- PROBLEM
Retype the data below exactly, skipping pictures.

- DATA SEGMENT
--- --- ---
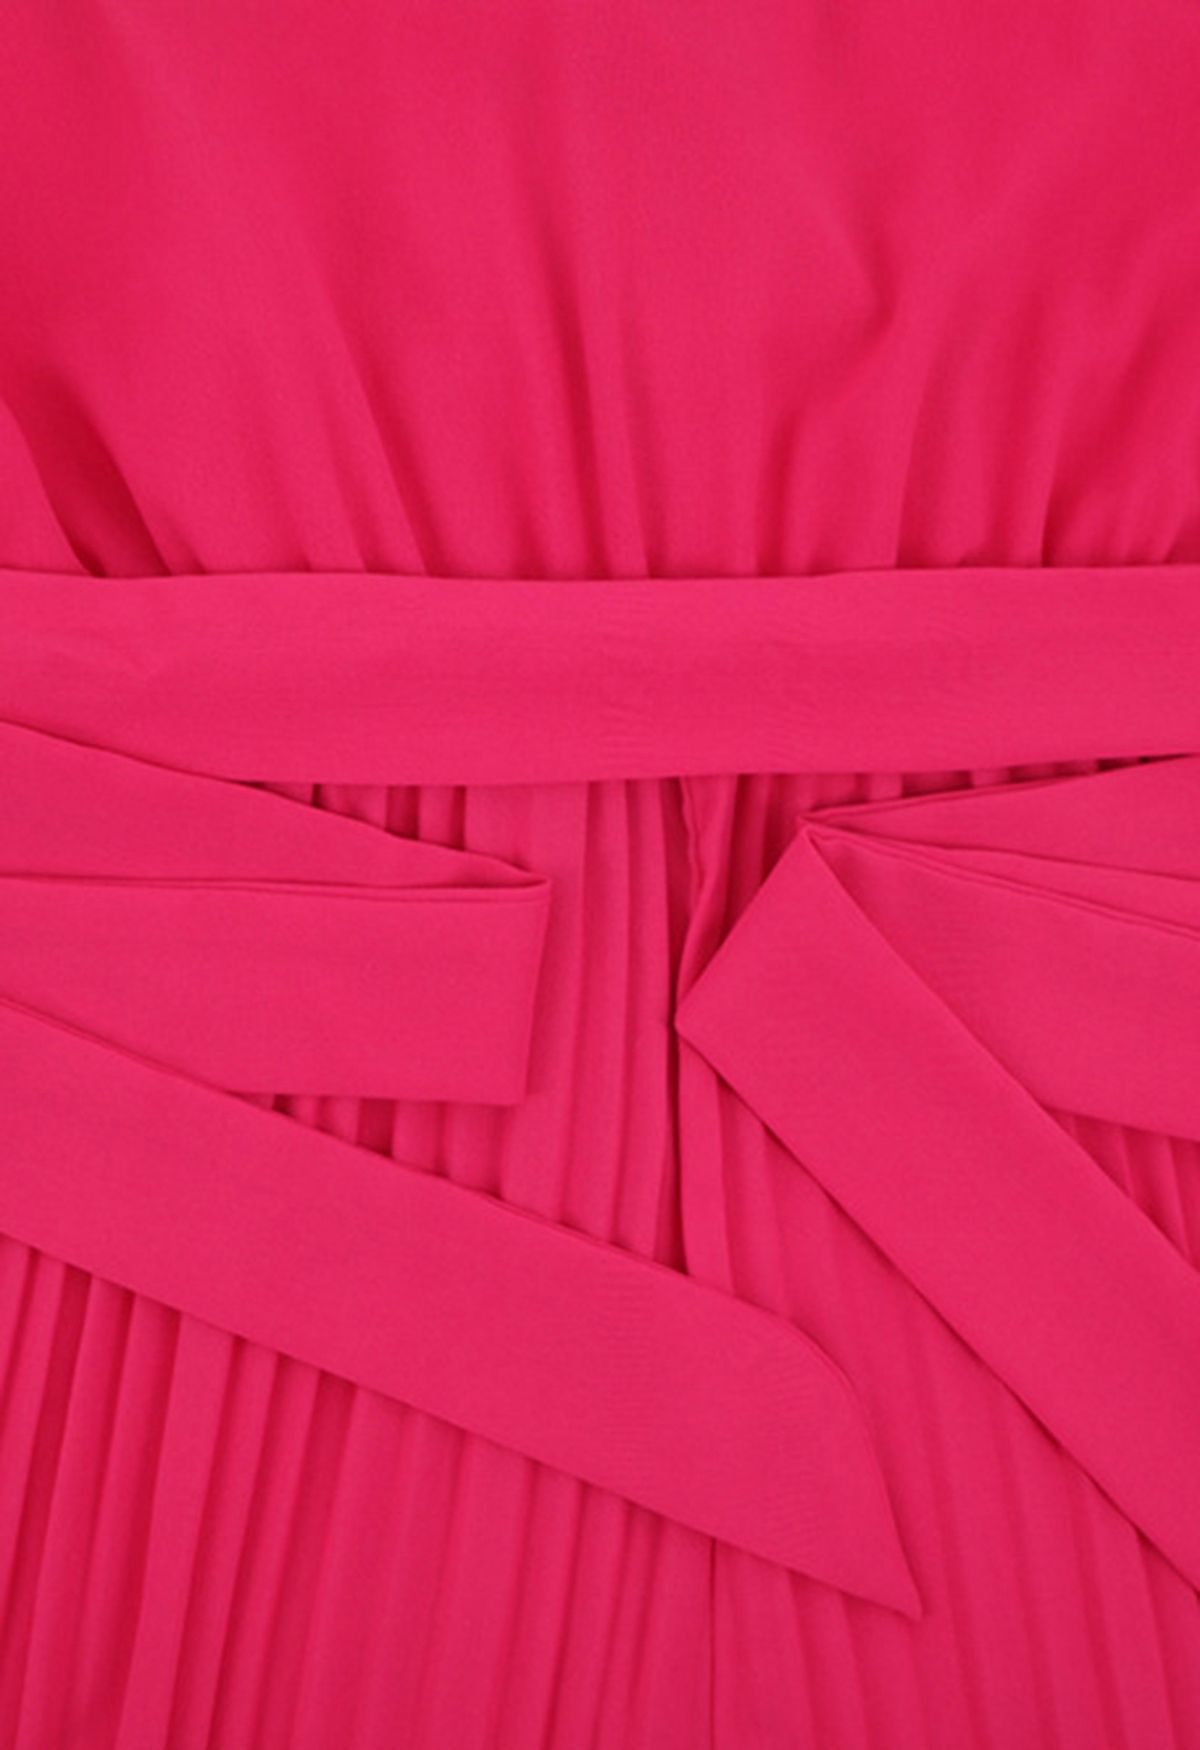 Gestufter Plissee-Jumpsuit in Wickeloptik mit Rüschen in Pink
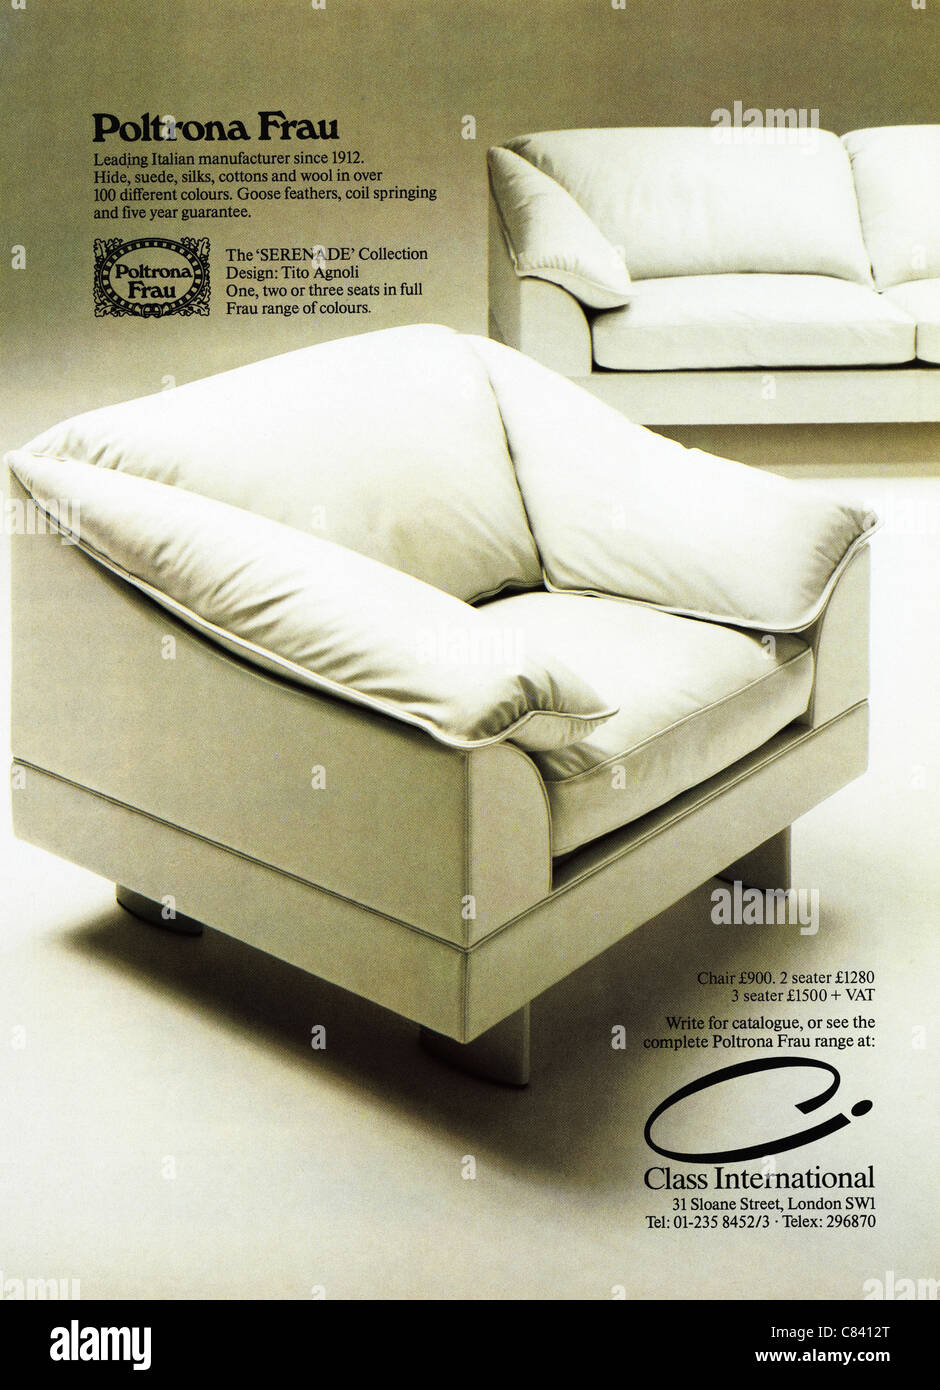 Pagina piena annuncio rivista circa 1984 pubblicità Poltrona Frau design italiano contemporaneo mobili Foto Stock
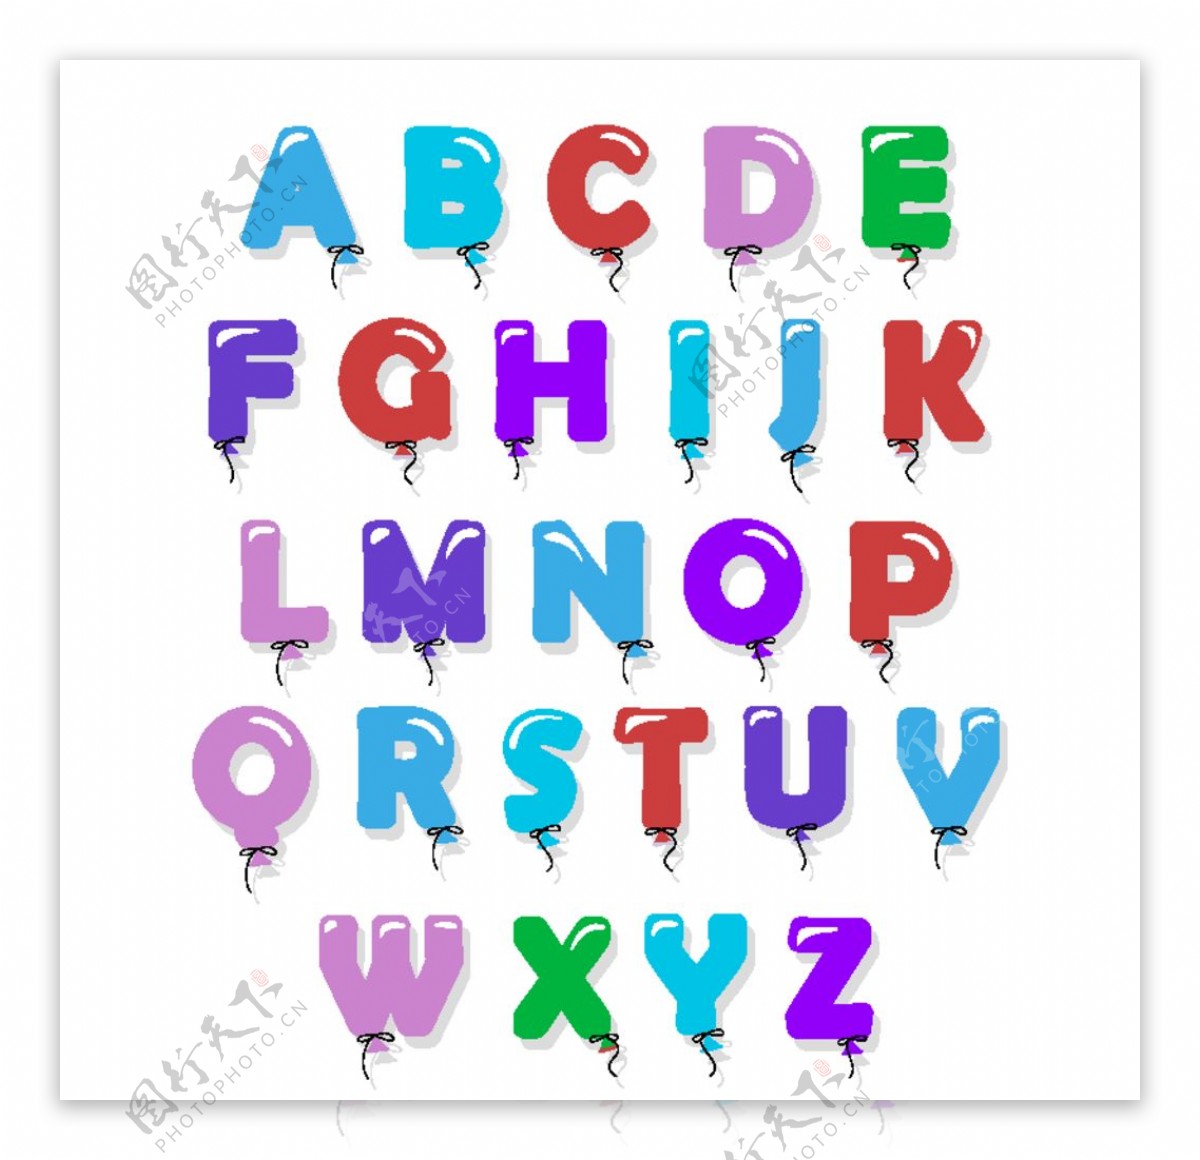 创意糖果气球字母
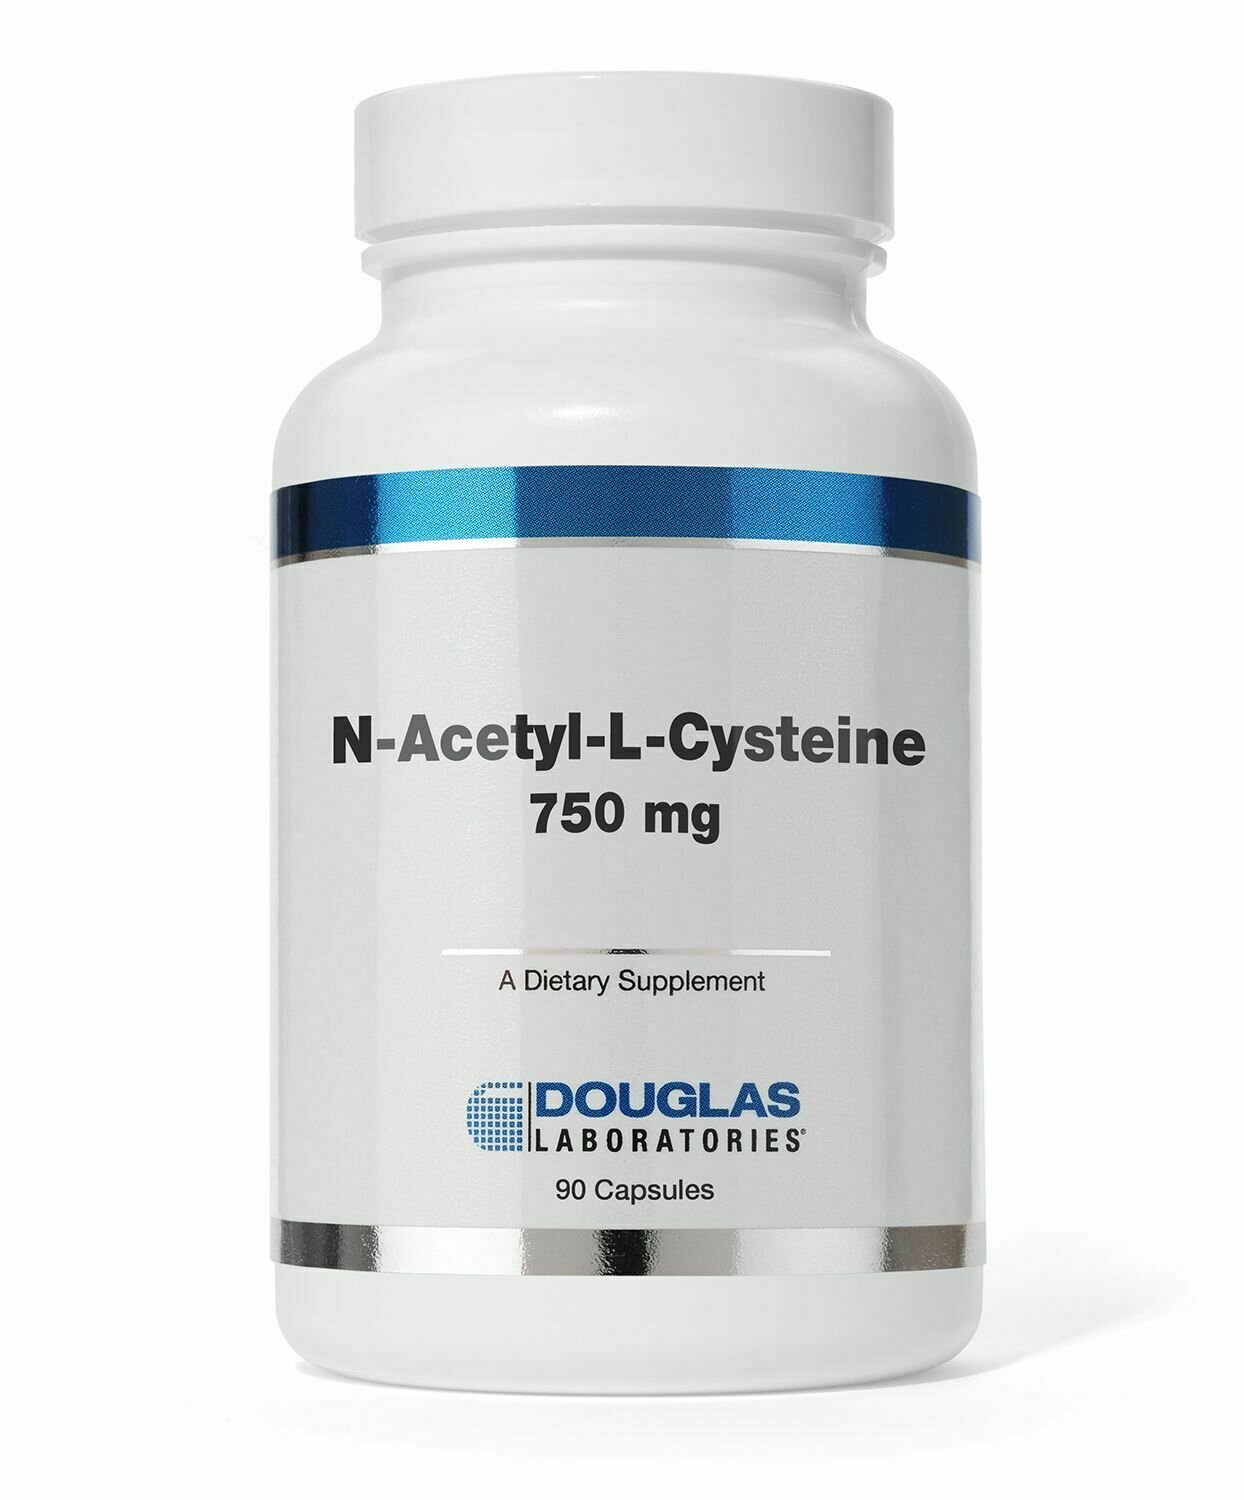 N-Acetyl-L-Cysteine 750 mg.
--- --- ---
- YOUR SOLUTION
 Gestufter Plissee-Jumpsuit in Wickeloptik mit Rüschen in Pink
 Pagina piena annuncio rivista circa 1984 pubblicità Poltrona Frau design italiano contemporaneo mobili Foto Stock
 创意糖果气球字母
 N-Acetyl-L-Cysteine 750 mg.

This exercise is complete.